有没有办法让d3了解我想要应用到基于力的图的某些节点的自定义力?例如,在这个小提琴中:JSFiddle我创建了3个节点,我希望将其分组为一个矩形,另外一个节点应该在该组之外,除非它没有因为D3没有办法知道。
以下是允许我定位节点和组的代码:
function positionAll() {
positionGroups(d3.selectAll('.myrect'));
}
function positionGroups(data) {
var groupBoundaries=[];
data.each(function(d,i) {
var boundaries = positionRect.call(this,d);
if (d.group !== undefined) {
if (!groupBoundaries[d.group]) {
groupBoundaries[d.group]=[];
}
groupBoundaries[d.group].push(boundaries);
}
});
d3.forEach(groupBoundaries, function(boundaries, currentGroup) {
var topBoundary = d3.min(boundaries, function(coord) { return coord.y1; }) - 10;
var rightBoundary = d3.max(boundaries, function(coord) { return coord.x2; }) + 10;
var bottomBoundary = d3.max(boundaries, function(coord) { return coord.y2; }) + 10;
var leftBoundary = d3.min(boundaries, function(coord) { return coord.x1; }) - 10;
d3.select('.group').filter(function(group) { return group.name === currentGroup; })
.attr("x",leftBoundary)
.attr("y",topBoundary)
.attr("width",rightBoundary-leftBoundary)
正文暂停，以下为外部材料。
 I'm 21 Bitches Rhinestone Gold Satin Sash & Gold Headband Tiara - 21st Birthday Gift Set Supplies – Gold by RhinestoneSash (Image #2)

.attr("height",bottomBoundary-topBoundary);
});
};
function positionRect(d) {
var x = d.x || 0;
var y = d.y || 0;
d3.select(this)
.attr("x", x)
.attr("y", y);
return {x1: x, y1: y, x2: x+this.getBBox().width, y2: y+this.getBBox().height};
};
当然我可以手动计算出组外节点的位置,但是我不会真正利用力布局。